May 19, 2014 by Deborah W. Trotter
The last half mile requires climbing the narrow spine of the monolith with sheer dropoffs on either side, sometimes pulling yourself hand over hand along chains attached to the rock, sometimes scrambling over slickrock or up “stairways” of boulders until you reach the relatively flat “landing.”
The first time I attempted this ascent I was quite terrified, both for myself and for my four teenage children who disappeared from view almost immediately, leaving my husband and me to pick our way slowly to the top. That was in 2005 (read about that here if you wish), and although I was quite proud of my accomplishment, I did not expect to do it ever again.
Well, doesn’t life have a way of being totally unpredictable? When half my family (two of my sons and I) spent a long weekend in Zion earlier this month, of course we couldn’t resist the pull of Angels Landing.

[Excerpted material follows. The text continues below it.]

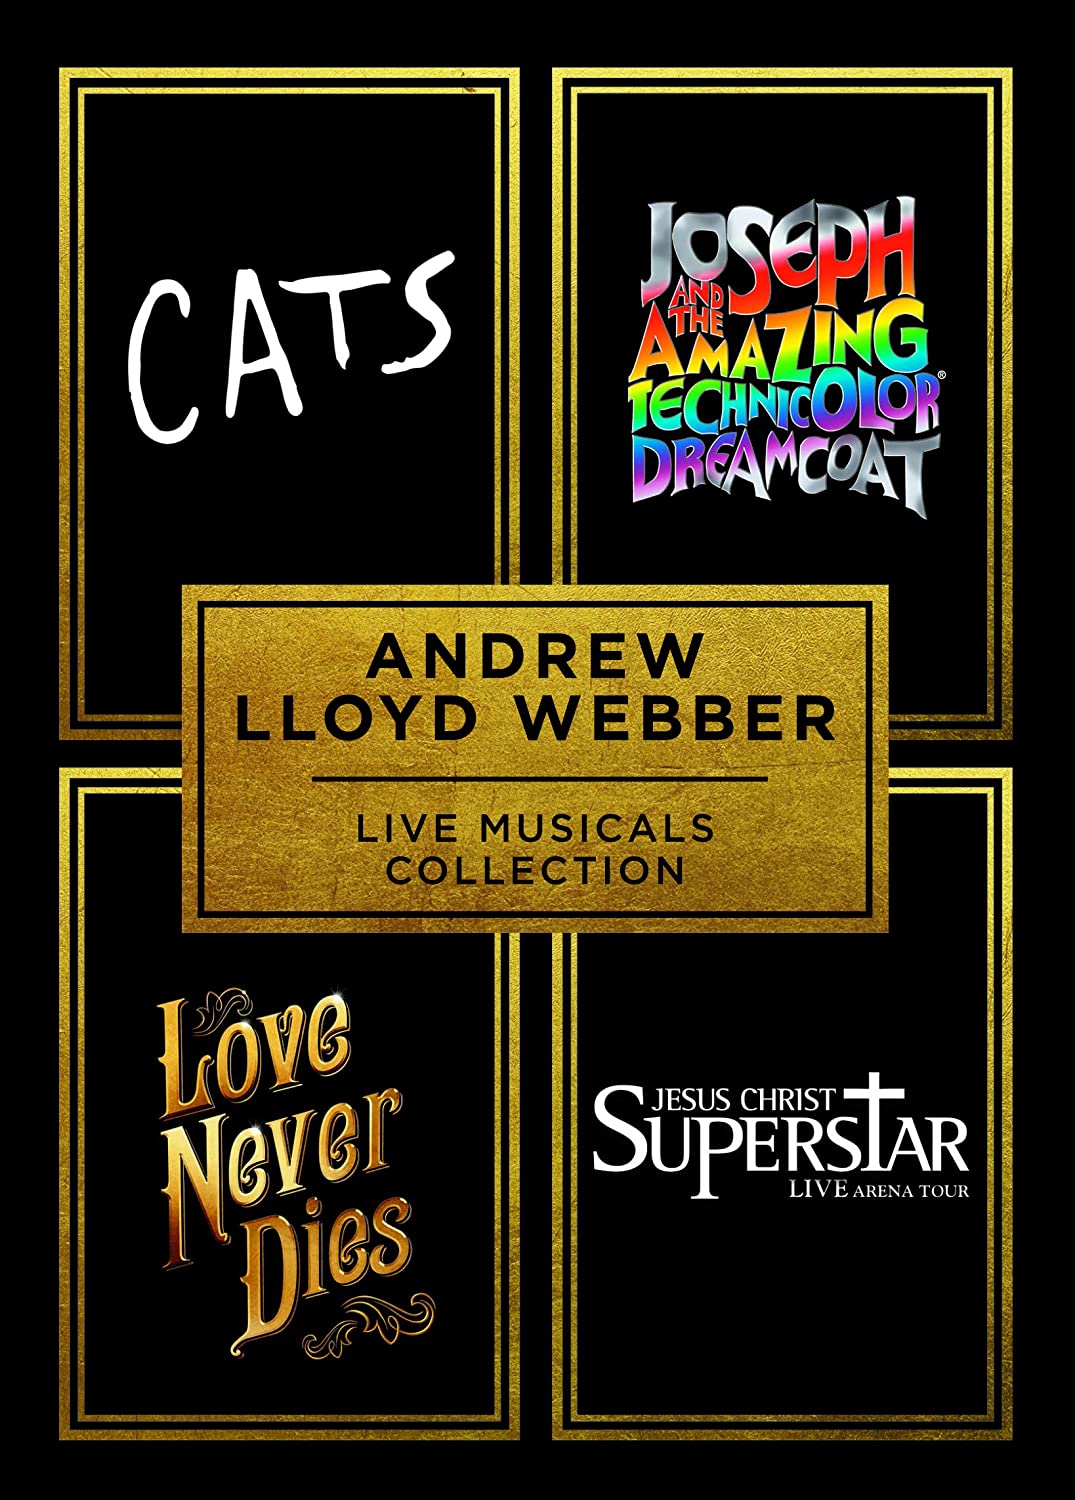 Andrew Lloyd Webber - Live Musicals Collection

The odd thing for me is that I was much less terrified this time and was actually able to look down occasionally as we climbed that last half mile and even take some photographs, neither of which I was able to do in 2005. Maybe a diminishing discomfort with heights is just one more unsung benefit of aging!
The National Park Service publications warn that you should not attempt to climb Angels Landing if you have a fear of heights, and also remind you to carry and drink plenty of water when you hike in Zion because it is easy to become dehydrated in the dry heat when you are not really aware of how much you are sweating. My own advice in addition to theirs is to start this hike/climb in the late afternoon. The Canyon wall is mostly in the shade by then, and therefore the trail is cooler, and the crowds of people will be mostly gone from the top by the time you get there.
In addition, the early evening light sets the Canyon and river aglow.
One final note: This popular hike might one day require a permit. We heard from one of the shuttle drivers that the Park Service may be considering instituting a system similar to the one that restricts the number of people allowed to climb Half Dome in Yosemite National Park. So if you want to go to Zion National Park and get to the top of Angels Landing, don’t wait too long!